The Real Deal on New York. “Three years after the condo boom swept through New York, developers citywide are sitting on unsold units. In 2017’s second quarter, condo inventory in the borough stood at around 5,900 — up 35 percent year over year, according to Halstead Property Development Marketing. And prices for new condos are significantly down amid a slowdown in luxury sales. For developers who already have skin in the game, the numbers are alarming, particularly since many penciled out their projects several years ago, when the market was on a (seemingly) unstoppable upswing.”

“While there are no public numbers quantifying the outstanding (and soon-to-be-due) debt on New York condo projects, it’s undoubtedly in the billions. Nikki Field of Sotheby’s International Realty said the pressure from lenders has ramped up in the past 18 months as the market has struggled to absorb a glut of new units. ‘The banks are calling in, and developers have got to deliver. They have deadlines to hit for signed contracts, they have pressure,’ she said. ‘The longer [a project] goes, the more it costs developers. There’s a real sense of urgency to move product.’”

“Manhattan-based real estate attorney Terry Oved agreed. ‘The clock is ticking,’ he said. ‘You have bank obligations.’”

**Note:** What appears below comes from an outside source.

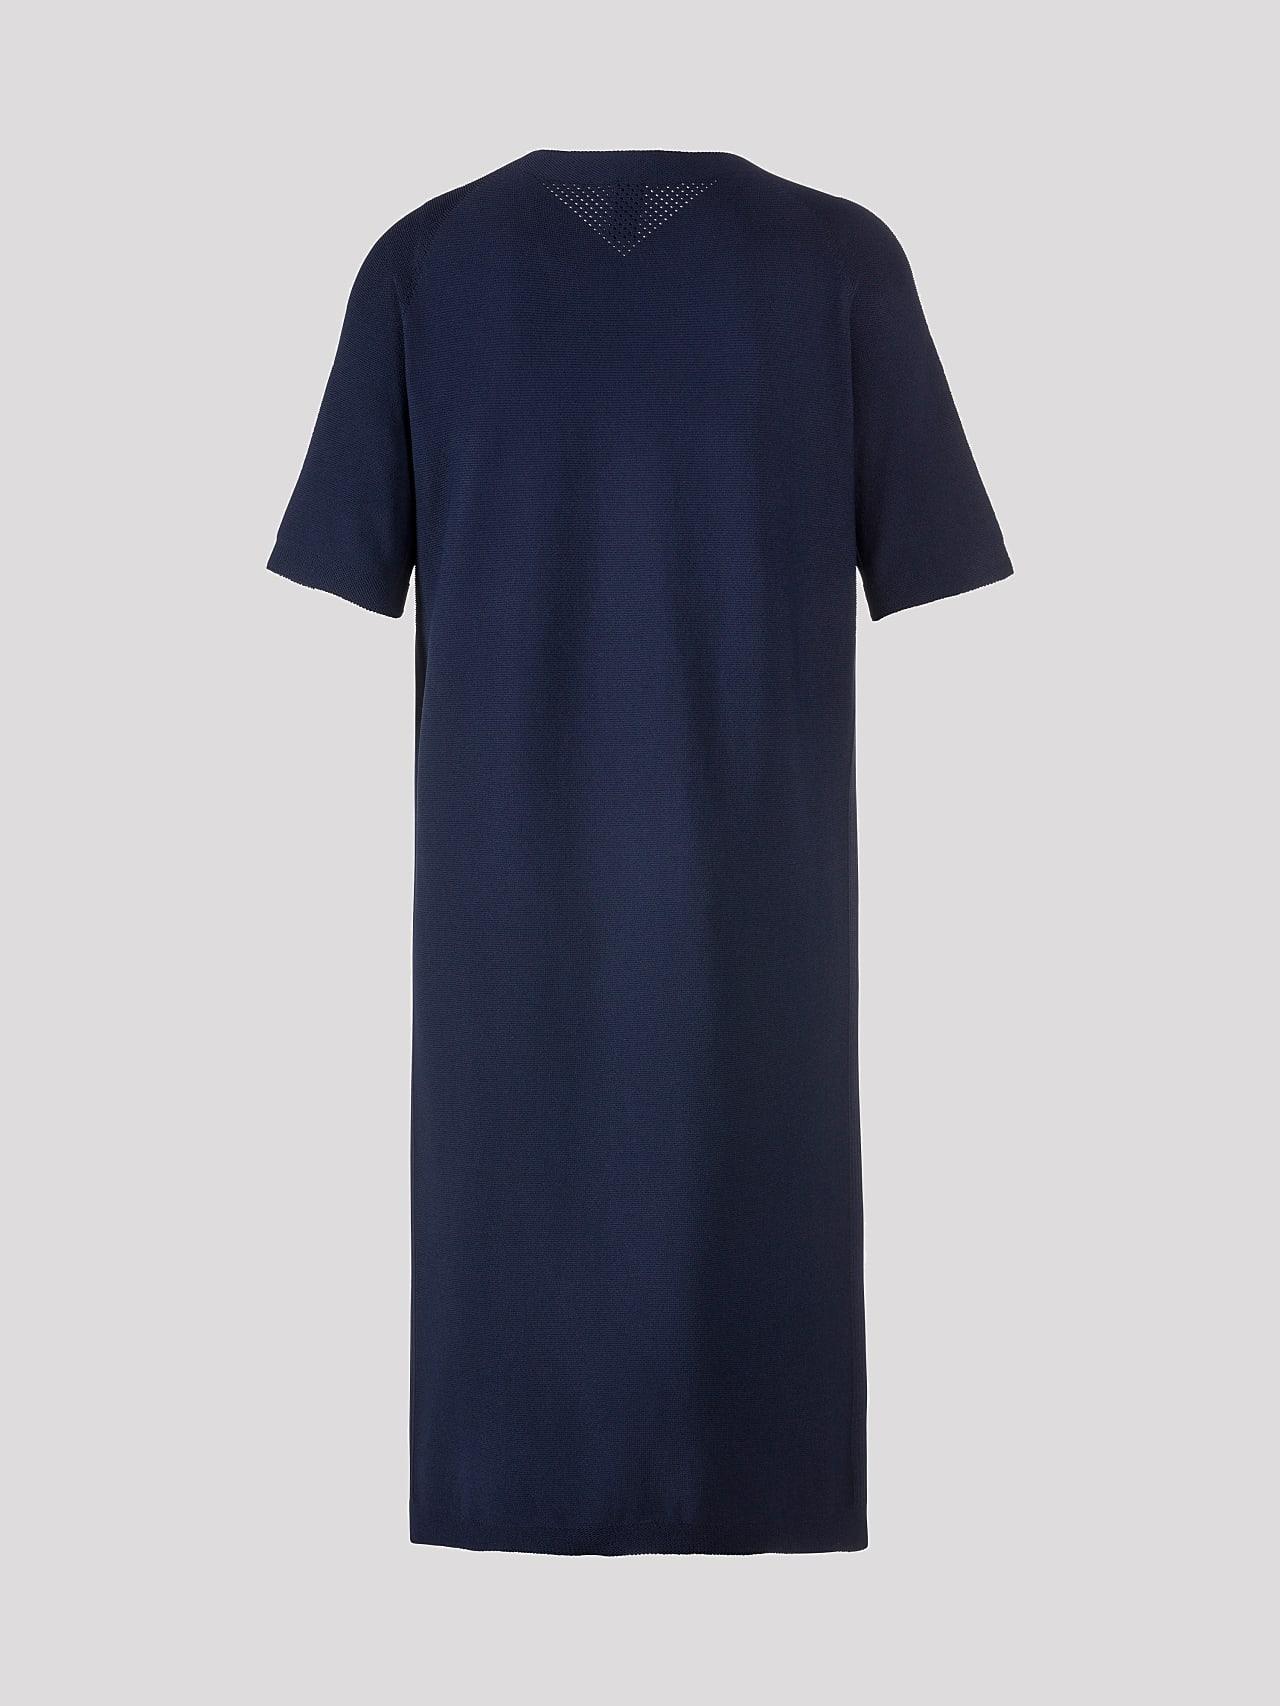 FZORF V1.Y5.01 Seamless Knit Dress navy Left Alpha Tauri

“And it’s not just banks turning up the heat. The private equity funds that ramped up lending when traditional banks pulled back are also under the gun, because their funds have strict timelines that cannot be extended. ‘Remember that a lot of this equity is high-octane equity — they have to give them back the money with a return,’ added one developer.”

“Behind closed doors, this new reality has led to something of a standoff between developers and their lenders — who may have competing interests. On the one side are lenders, whose top priority is getting paid back (with interest) on time. On the other side are developers who often want to hold out for higher prices to maximize profits. David Blatt, CEO of investment banking firm CapStack Partners, said both sides are more anxious than they were a year ago. ‘What is unsettling is that we’ve been in such a long bull run relative to history,’ he said. ‘Inevitably, the music has to stop.’”

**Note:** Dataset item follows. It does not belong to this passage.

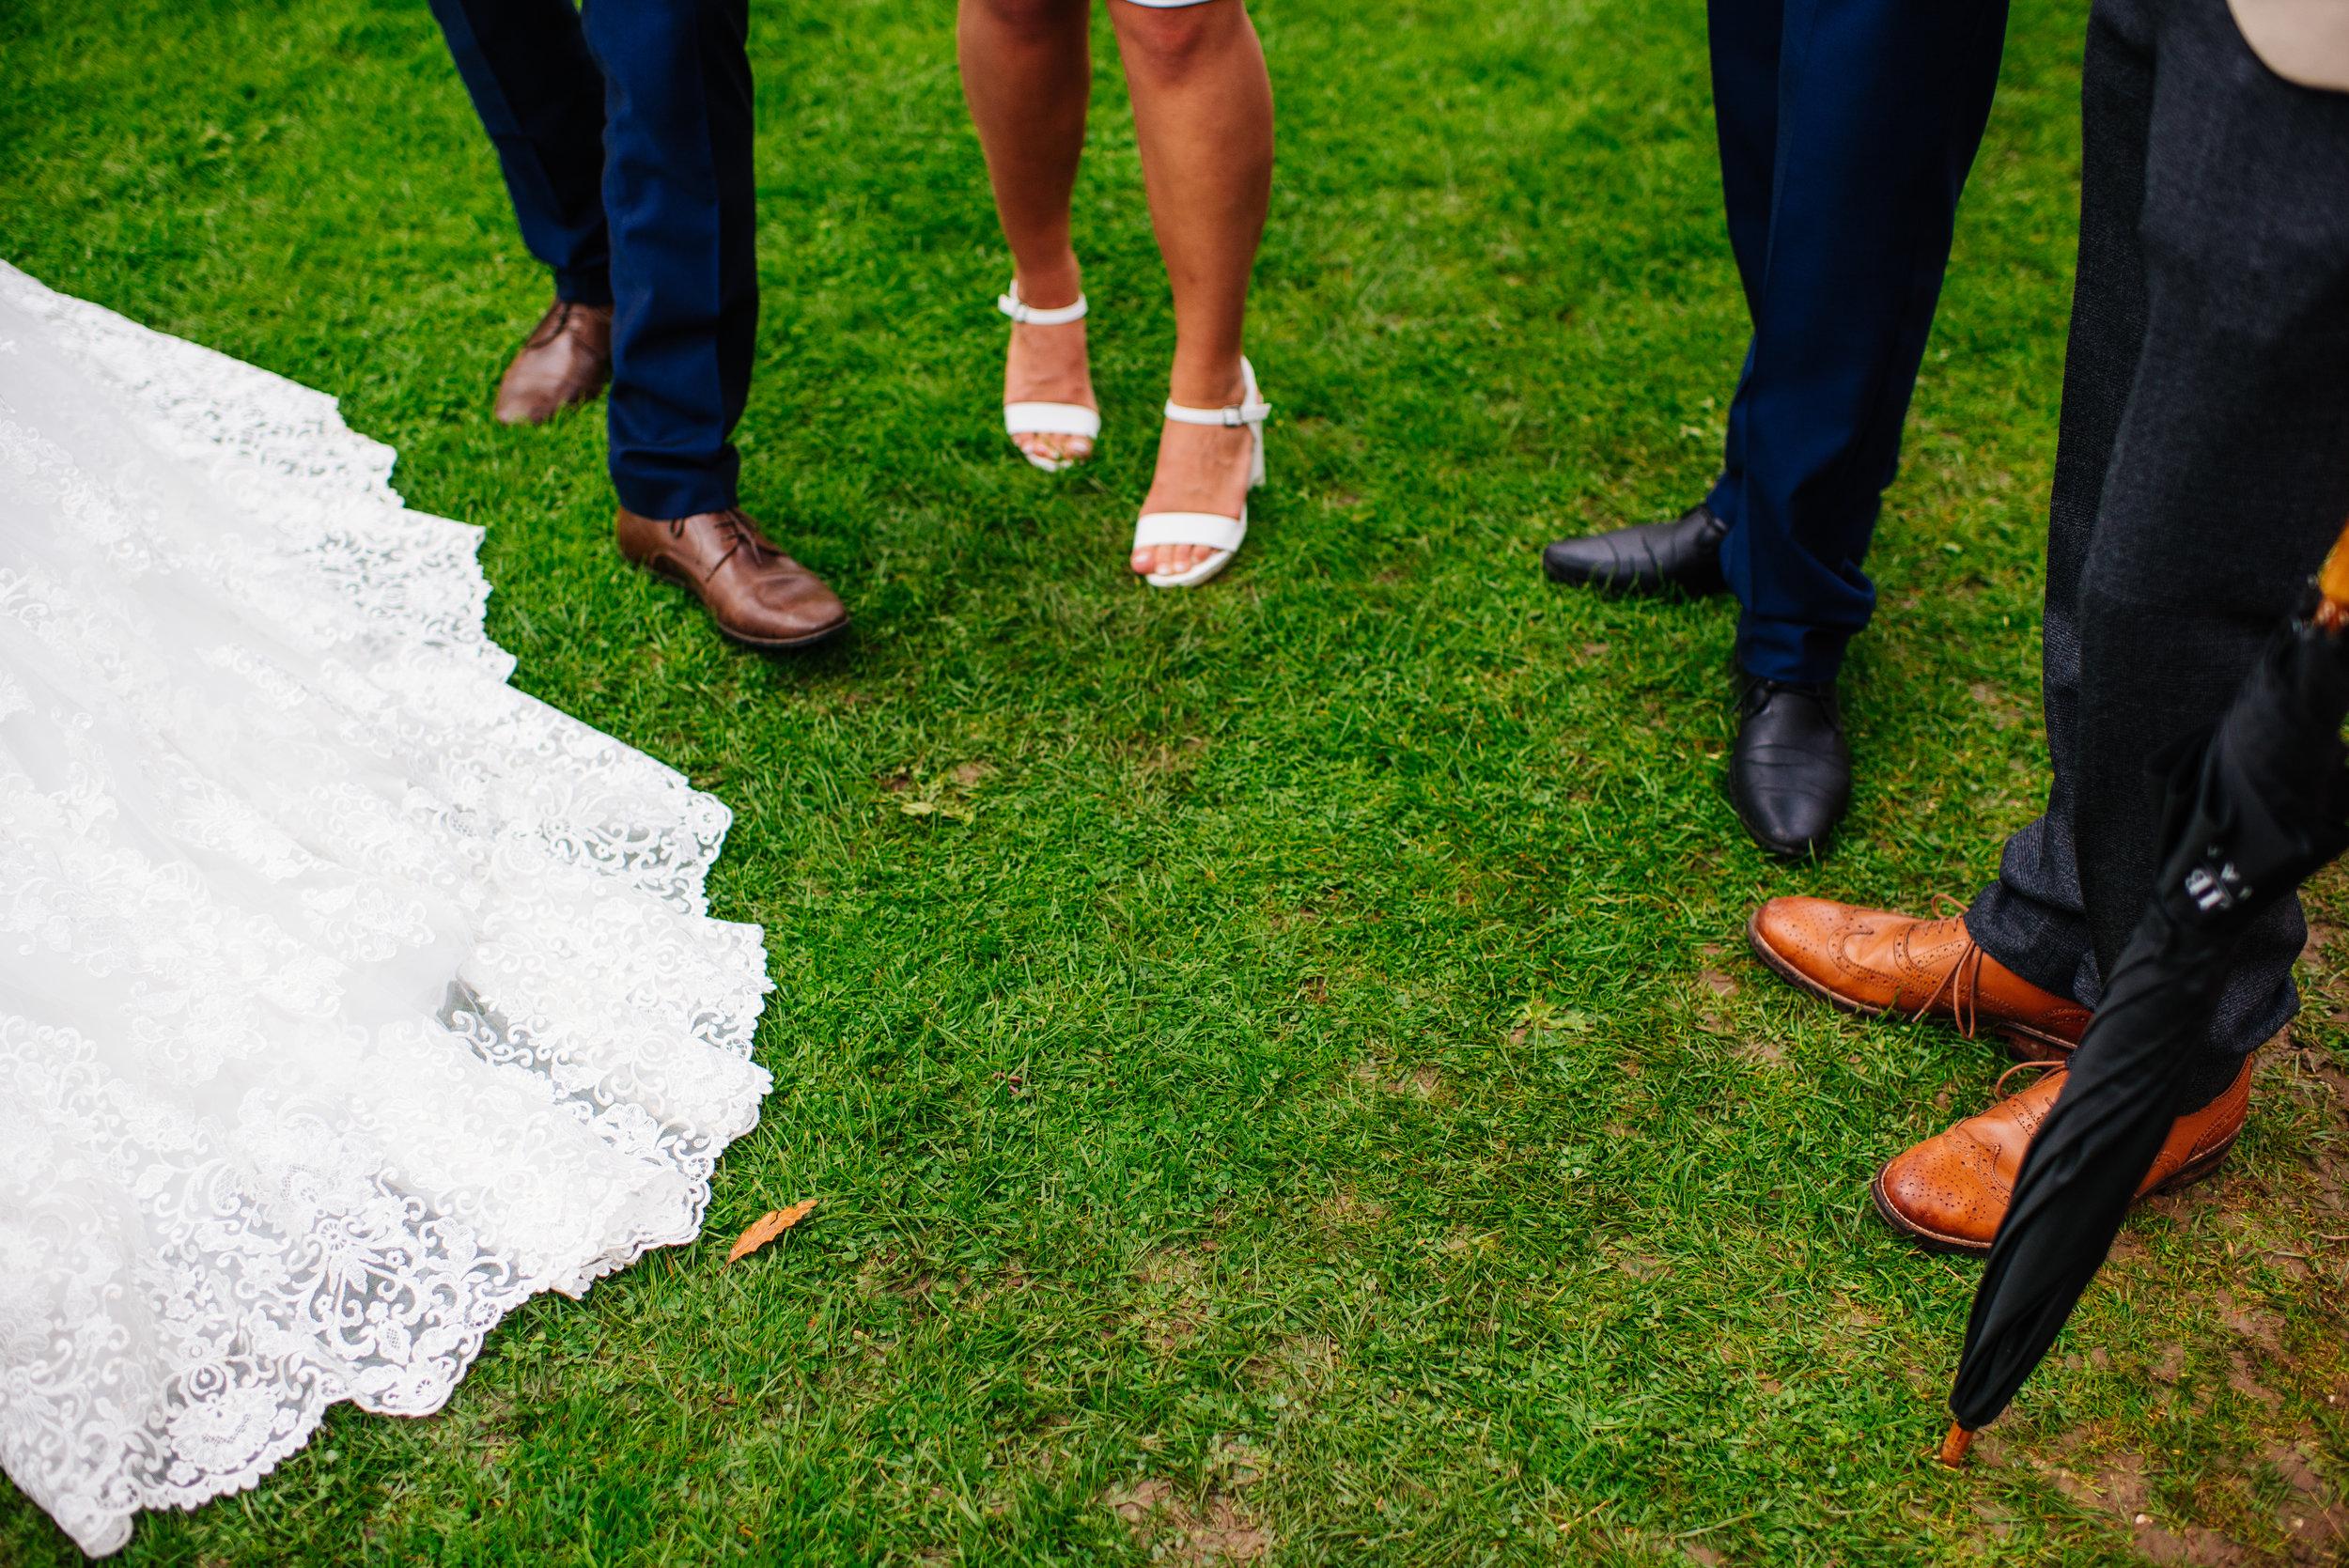 22 Lillibrooke Manor Berkshire Shoes Dress Grass Wedding Photography.jpg

The South China Morning Post by Nicholas Spiro. “Alan Greenspan, the former chairman of the Federal Reserve, is not ideally placed to opine on the threat posed by asset bubbles in financial markets. This is, after all, the central banker who is widely blamed for having sewn the seeds of the 2008 global financial crisis by refusing to prick the US housing bubble which triggered the crash. Yet Greenspan’s words still carry a lot of weight with market commentators and investors. So when he warned in an interview on Tuesday that ‘we are experiencing a bubble, not in stock prices, but in bond prices’ which ‘is not discounted in the marketplace,’ it received a lot of attention.”

“The ‘hunt for yield,’ which has intensified since the yields on a large portion of the stock of government debt in Europe and Japan turned negative due to aggressive programmes of quantitative easing, has become one of the most conspicuous trends in markets over the past several years, and one that is setting off alarm bells.”

“What is particularly troubling is that there is no indication that the hunt for yield is likely to abate – indeed, quite the opposite. Given ultra-low borrowing costs in developed markets – almost a fifth of the stock of global sovereign debt is negative-yielding, with nearly 30 per cent of eurozone bond yields in negative territory, according to JPMorgan – investors have little choice but to move into riskier asset classes in order to generate adequate returns.”

“Yet the fiercer the hunt, the larger the bubbles and the greater the risk of a sharp and disorderly correction in bond markets if investors get spooked by the removal of monetary stimulus.”